Страница 48 из 70
— Триста пятьдесят, кабыть, — ответила Олена из-за ситцевой занавески.
— Так. А сколько в этом?
— Девяносто — то, неверно, есть.
— Девяносто! — Петр Житов поднял толстый обкуренный палец. — Это с января месяца, за зимнее время. Минус апрель, который выпал по причине месячника в лесу. Неплохо, товарищи? Не уронил Петр Житов честь инвалида Великой Отечественной, а?.. Все так трудятся в колхозах?
Ганичев ответил в том духе, что хорошо, дескать, трудишься. Стахановцем можно назвать.
— Ну, Петр Житов и в подписке будет стахановцем! Какая, товарищ Ганичев, самая большая подписка по району? А? К примеру, товарищ Подрезов, первый секретарь райкома?
— Это тебе зачем?
— А затем, что хочу, так сказать, по самым вышкам равняться. Оклада на два?
Ганичев после некоторой заминки хмуро кивнул.
— Так, на два… Первый секретарь… Ну а я, товарищ Ганичев, подписуюсь на три месячных оклада. Устраивает? И заметь: все плачу сразу, наличными. Жена, где у нас деньги? Чего прячешься от гостей?
— Не командуй! Сиди, коли нажрался…
— А-а, понятно, дорогуша, — с непонятной веселостью рассмеялся Петр Житов и кивнул на занавеску. — Сидит, как в капкане. По причине женской раздетости и недавнего кормления ребенка. Извиняюсь, Олена Северьяновна.
Он встал, достал с полки над столом измятую ученическую тетрадку и синий плотничий карандаш и начал что-то подсчитывать. Окончив подсчет, сказал:
— Пиши, товарищ Ганичев. Девяносто трудодней и тринадцать рублей пятьдесят копеек.
Ганичев принудил себя улыбнуться:
— А из тебя бы, Житов, неплохой артист получился.
— Думаешь?
— Думаю. Но мы не комедию пришли смотреть.

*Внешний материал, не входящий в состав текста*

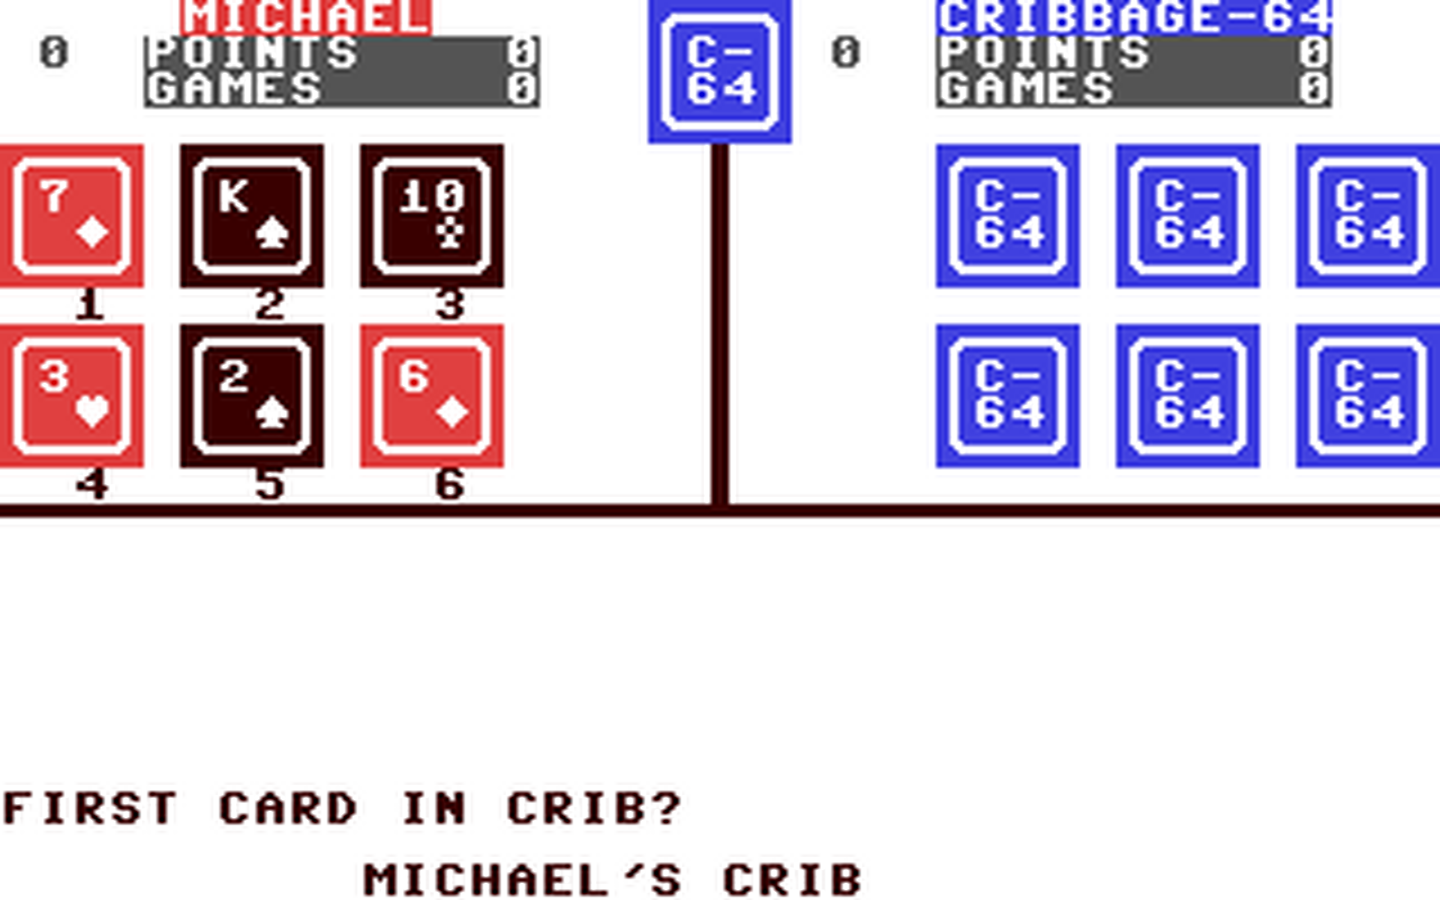 C64 GameBase Cribbage-64 (Not_Published)

— Эх, товарищ Ганичев! — с наигранной обидой покачал головой Петр Житов. Человек на трехмесячный оклад подписывается, а ты ему так говоришь… Смотри. — Он снова взял карандаш. — В прошлом году я наколотил триста пятьдесят трудодней. В этом году, думаю, наверчу не меньше. Округляем до трехсот шестидесяти — я не жадный. Триста шестьдесят делим на двенадцать, — это сколько будет? Тридцать. А за три месяца, стало быть, девяносто. Так? Так. Теперь деньги. В этом году на трудодень ни хрена еще не выдали. Ладно. Возьмем по прошлогоднему. Одиннадцать, даже пятнадцать копеек для круглого счета. Пятнадцать множим на девяносто — сколько получится? По-моему, арифметика ясная — тринадцать рублей пятьдесят копеек. Проверь, проверь, товарищ Ганичев.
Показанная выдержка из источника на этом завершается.